-- Work to be completed --
Because the copy must hold no pictures, return the data below with all of its words intact.

-- Given material --
##############################

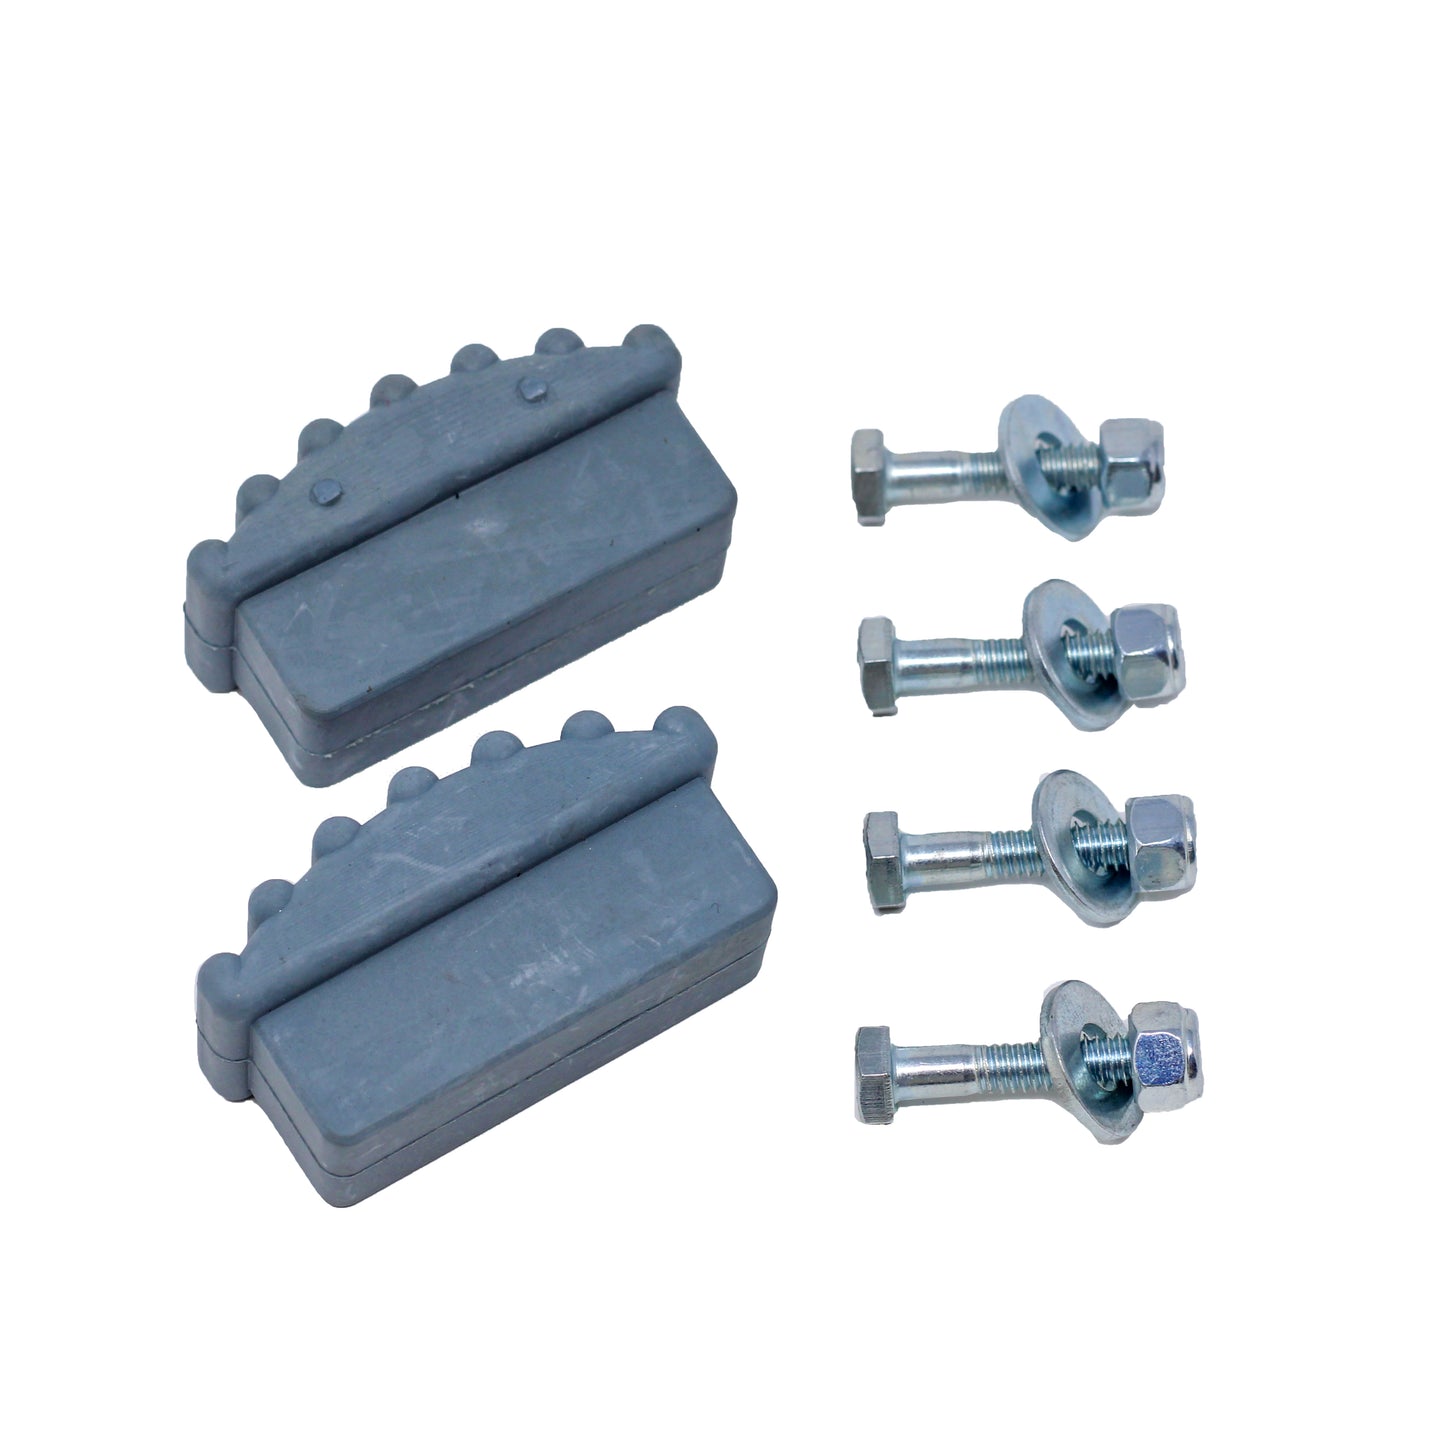 Replacement Rubber Ladder Plugs (Pair)
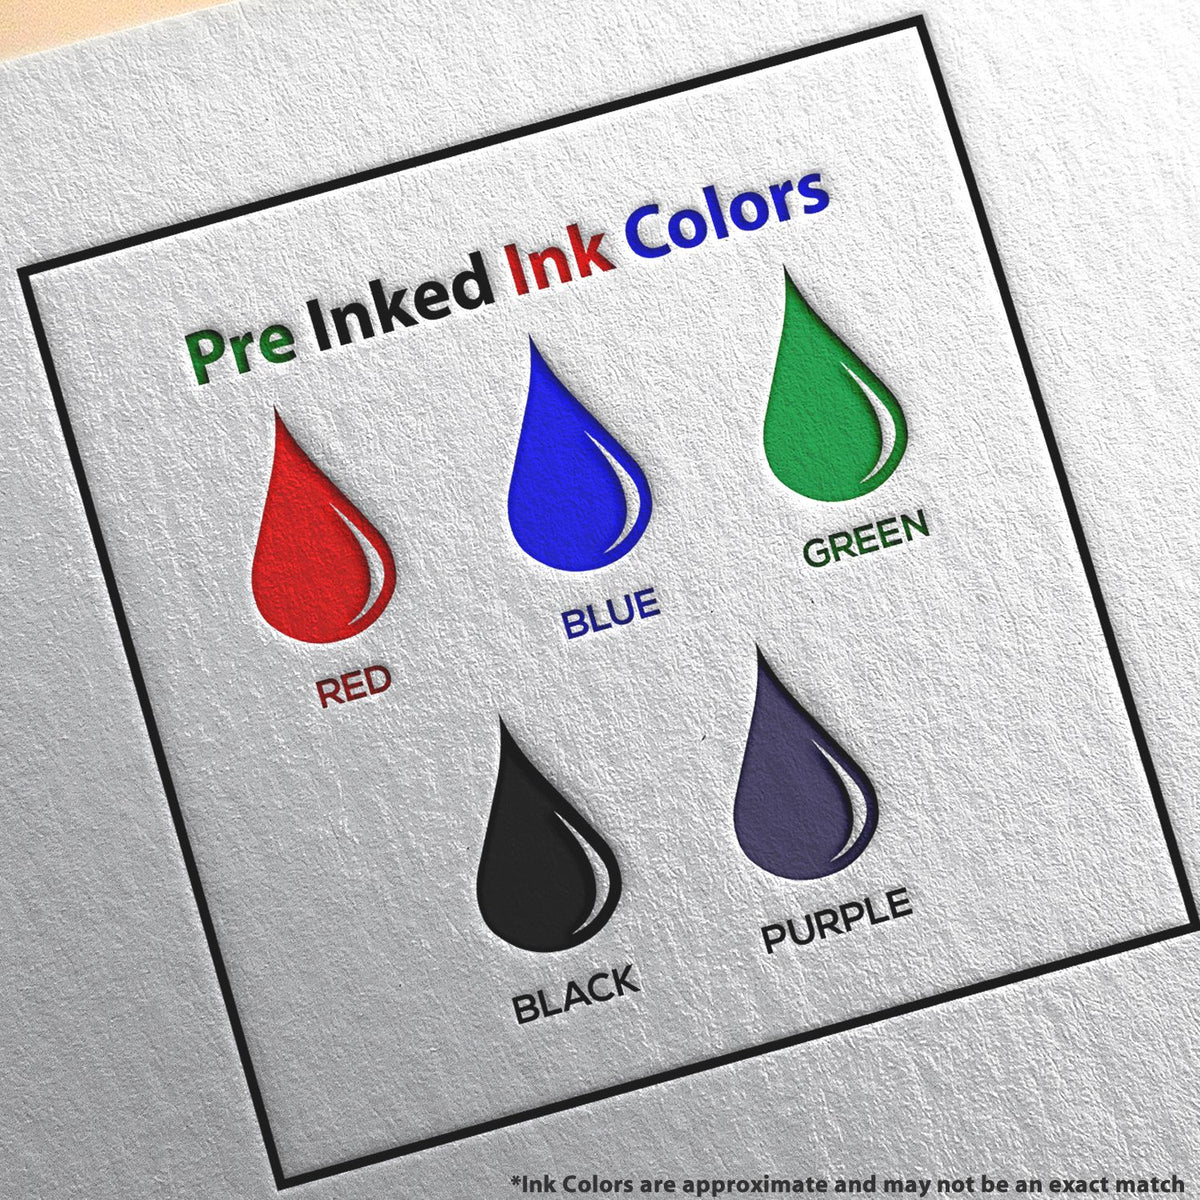 A picture showing the different ink colors or hues available for the Premium MaxLight Pre-Inked Nebraska Landscape Architectural Stamp product.
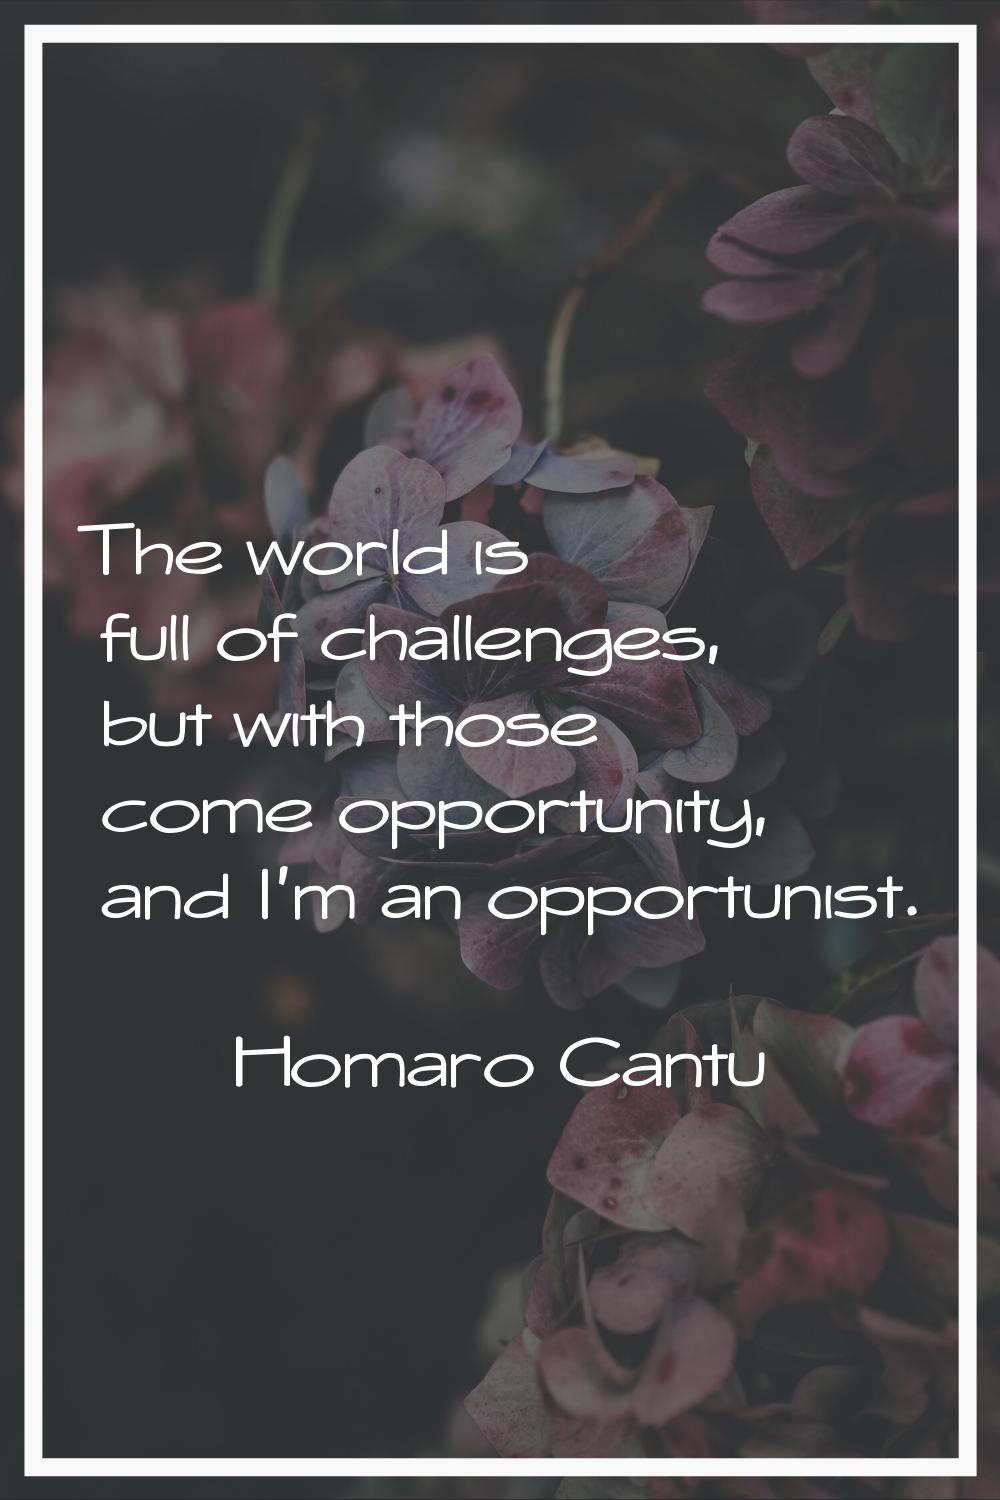 The world is full of challenges, but with those come opportunity, and I'm an opportunist.

##############################

-- Answer to this exercise --
 Replacement Rubber Ladder Plugs (Pair)
 A picture showing the different ink colors or hues available for the Premium MaxLight Pre-Inked Nebraska Landscape Architectural Stamp product.
 The world is full of challenges, but with those come opportunity, and I'm an opportunist.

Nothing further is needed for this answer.